This is an article printed in the guardian by... a BUSINESSMAN.

Please read it. Then, and here's the fun bit...

WRITE AND TELL HIM WHAT YOU THINK! (click on the address)

The inside view
A doppelganger pops up on the Treasury bench

Just as the City thought socialism finished it comes rampaging back. And this time there is no opposition

Edmond Warner
Guardian

Saturday April 20, 2002


A curious thing happened on Wednesday. A gentleman looking uncannily like Gordon Brown delivered a Budget statement on behalf of the government. He even sounded like the chancellor. But what he said was so out of character that one can only conclude he was a doppelganger. A cunning ruse by the forces of evil to destabilise the economy by stealth tax, perhaps.

The City and business had rather grown to like the chancellor. He was prone to tinkering with the tax regime like a fussy mother seeing her offspring off to school. But that was forgivable - the price to pay for a cautious steward of the economy apparently immune to destabilising rushes of blood to the head. This was a man who understood that volatility is the enemy of industrial success.

First, as a whey-faced newcomer, Labour's first chancellor for a generation ceded control of monetary policy to the Bank of England. A bold decision, and a shocking one at the time. What kind of politician thirsts for power for 18 years and then relinquishes an enormous chunk of it at a stroke? The decision was the correct one, whatever revisionist academics might say when they analyse interest rates with 20:20 hindsight.

Then, Mr Brown set about the expectations of socialists hungry for reform and crushed them with his fiscal conservatism.

Certain things, it transpired, really could only get better. Inflation, for one. The length of the economic cycle, for another. Public services? But that would be putting the health of the economy at risk. And that would not do.

It is hard to grumble when the British economy, in a year of trauma such as 2001, knocks spots off the competition. The political opposition couldn't lay a glove on him. This said much about the opposition, but more about the chancellor.

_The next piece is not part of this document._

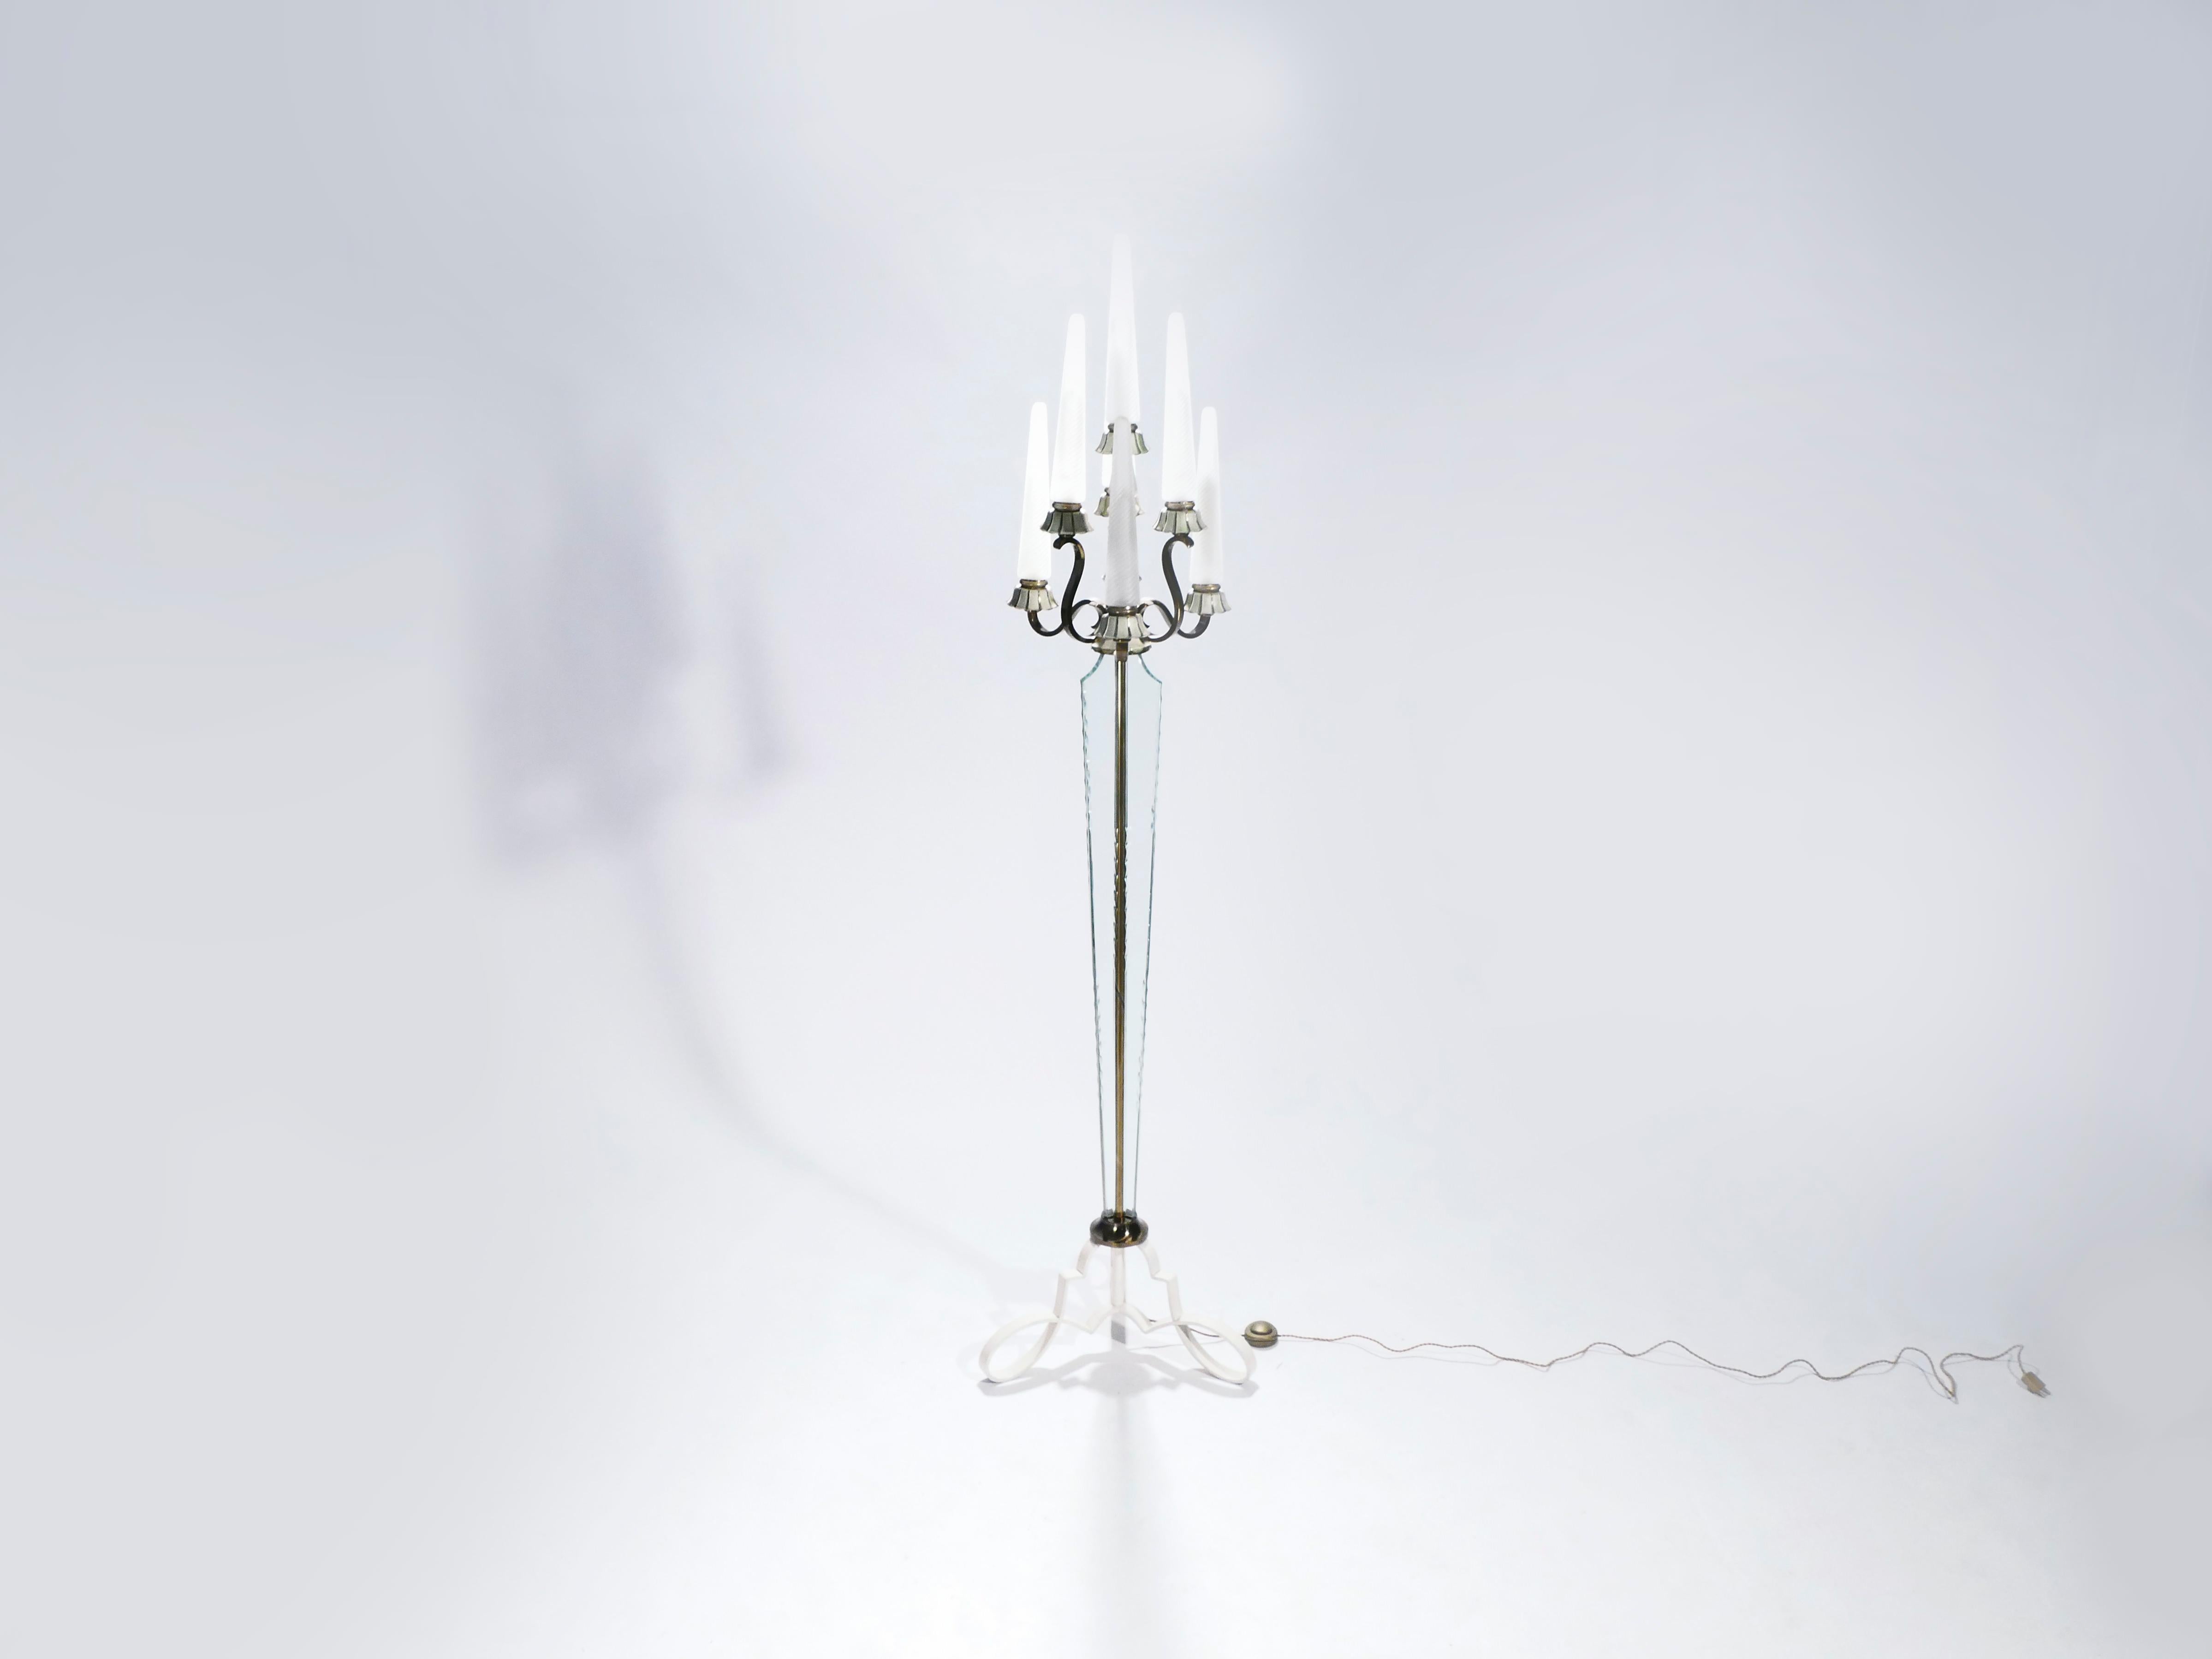 The craftsmanship of lighting designer Marius-Ernest Sabino and the crystal quality of la Cristallerie de Sèvres have come together in this unique Art Deco floor lamp. Bronze and iron form its formidable, vertical structure that draws the eye

Business interests had ceased to care about the weakness of the Conservatives, because the chancellor was a reassuring rock. Only his apparently fanatical opposition to the euro gave cause for concern.

Pocket picking
All the tinkering added up to irritating pocket picking, rather than front-on income and corporate tax increases, just as his puny critics claimed. Hauliers mobilised the nation's drivers against fuel duties. But this flaring of national character was over in a trice. This was an economy creating prosperity by creating jobs that would never be taxed more highly.

Until, that is, this week. Whoever it was delivering that speech in the house has spun the government's policy through 180 degrees. Gone was the insistence that public services mend and make do. Blown is the promise that income tax rates would not be increased. Back is the socialist utopia that sustained Labour's foul weather supporters through the 18-year deluge. Fractured is the compact between industry and government.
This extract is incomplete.